» Available data
== Segment start ==
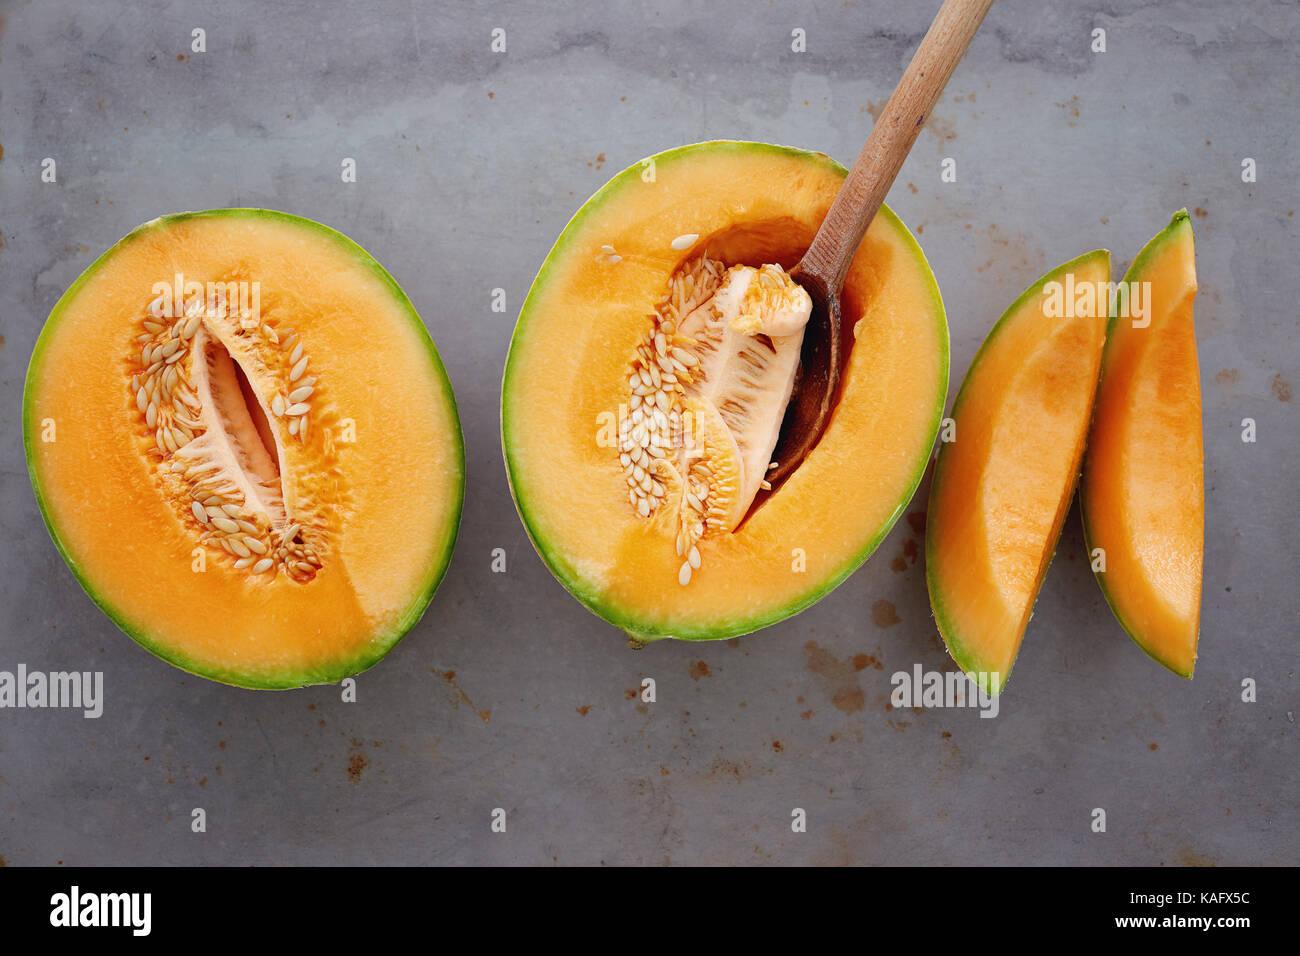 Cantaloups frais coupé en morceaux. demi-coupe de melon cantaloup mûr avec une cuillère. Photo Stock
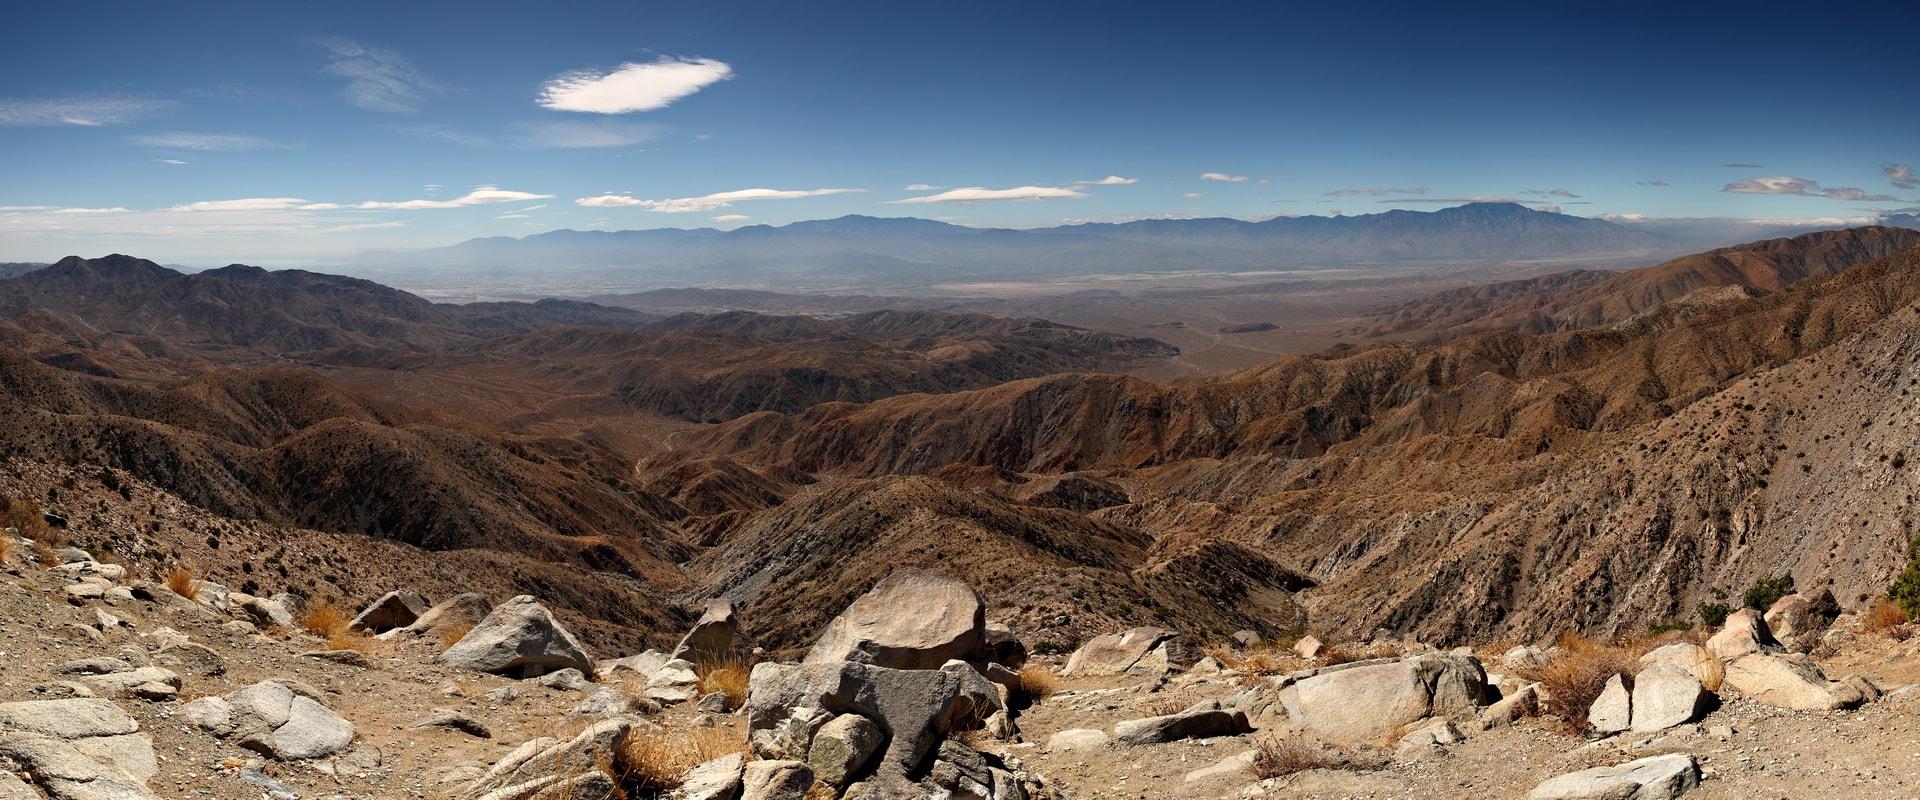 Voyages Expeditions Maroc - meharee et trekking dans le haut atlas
== Segment end ==
== Segment start ==
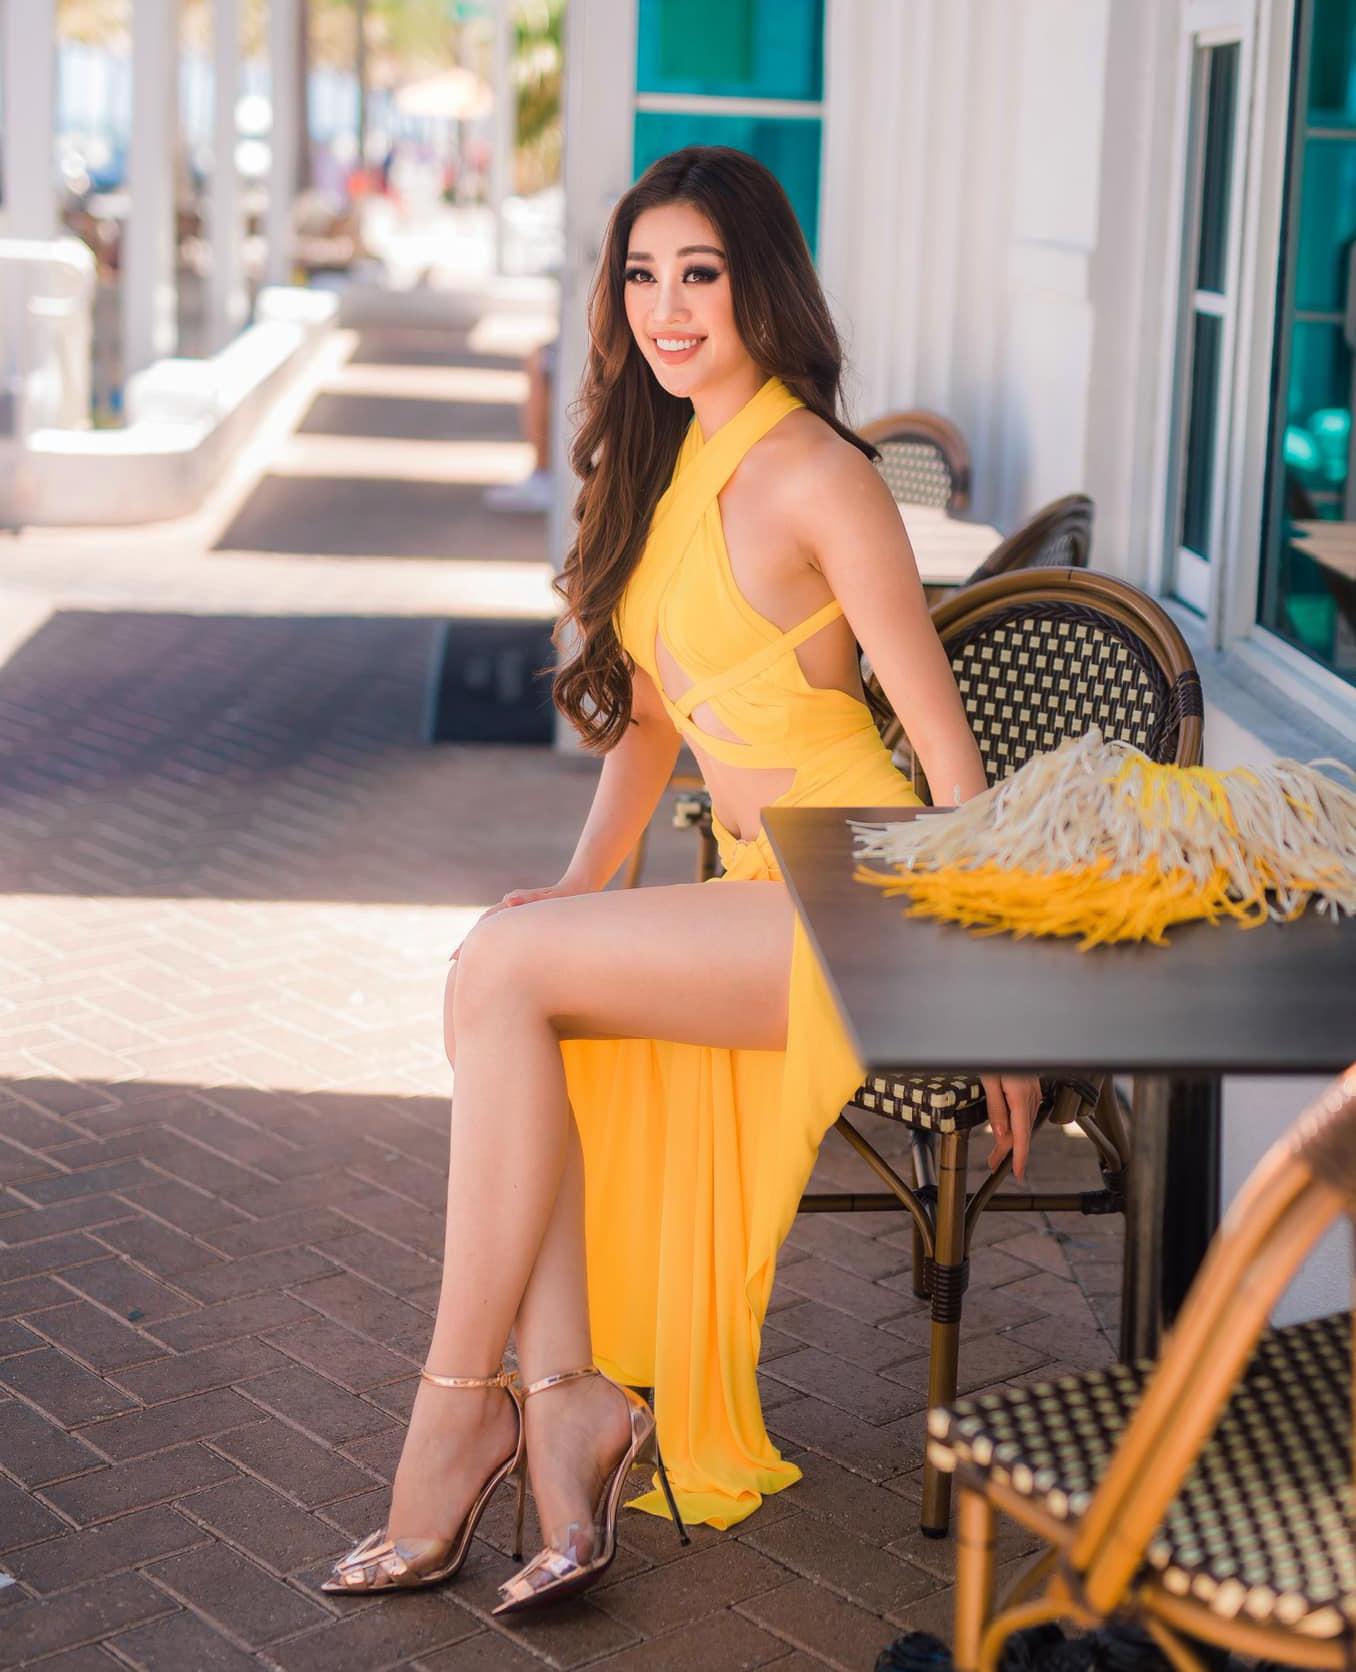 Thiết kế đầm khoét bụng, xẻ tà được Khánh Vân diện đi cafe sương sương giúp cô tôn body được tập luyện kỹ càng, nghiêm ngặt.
== Segment end ==
== Segment start ==
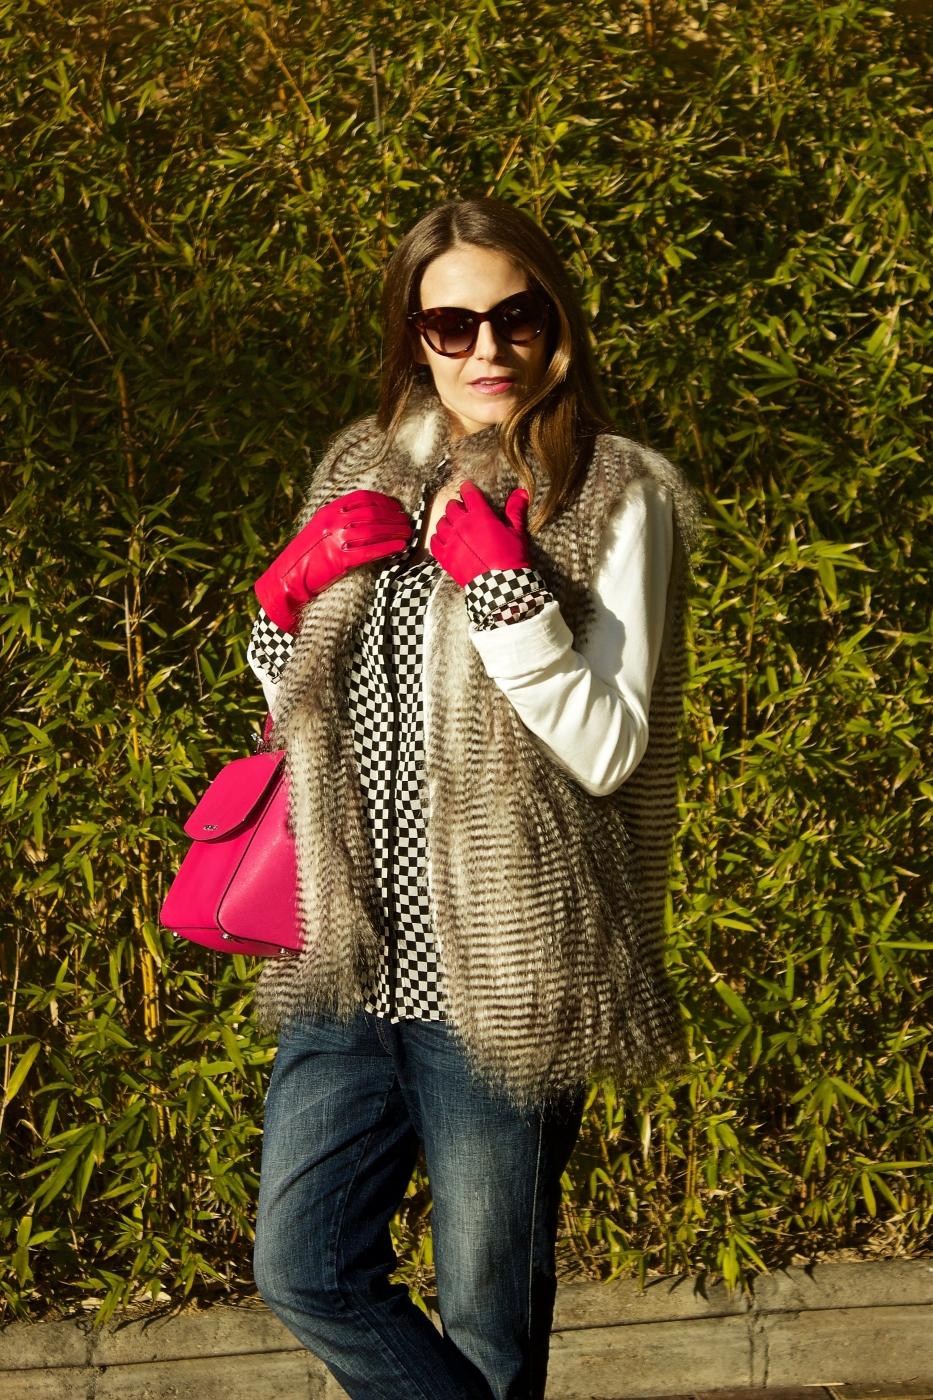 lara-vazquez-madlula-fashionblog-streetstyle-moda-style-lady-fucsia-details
== Segment end ==
» Aim of the task
In the material above, the stretch from the line with "Cantaloups frais coupé" through the line with "Voyages Expeditions Maroc" is to be given again exactly, minus the pictures.

» Output of the task
 Cantaloups frais coupé en morceaux. demi-coupe de melon cantaloup mûr avec une cuillère. Photo Stock
 Voyages Expeditions Maroc - meharee et trekking dans le haut atlas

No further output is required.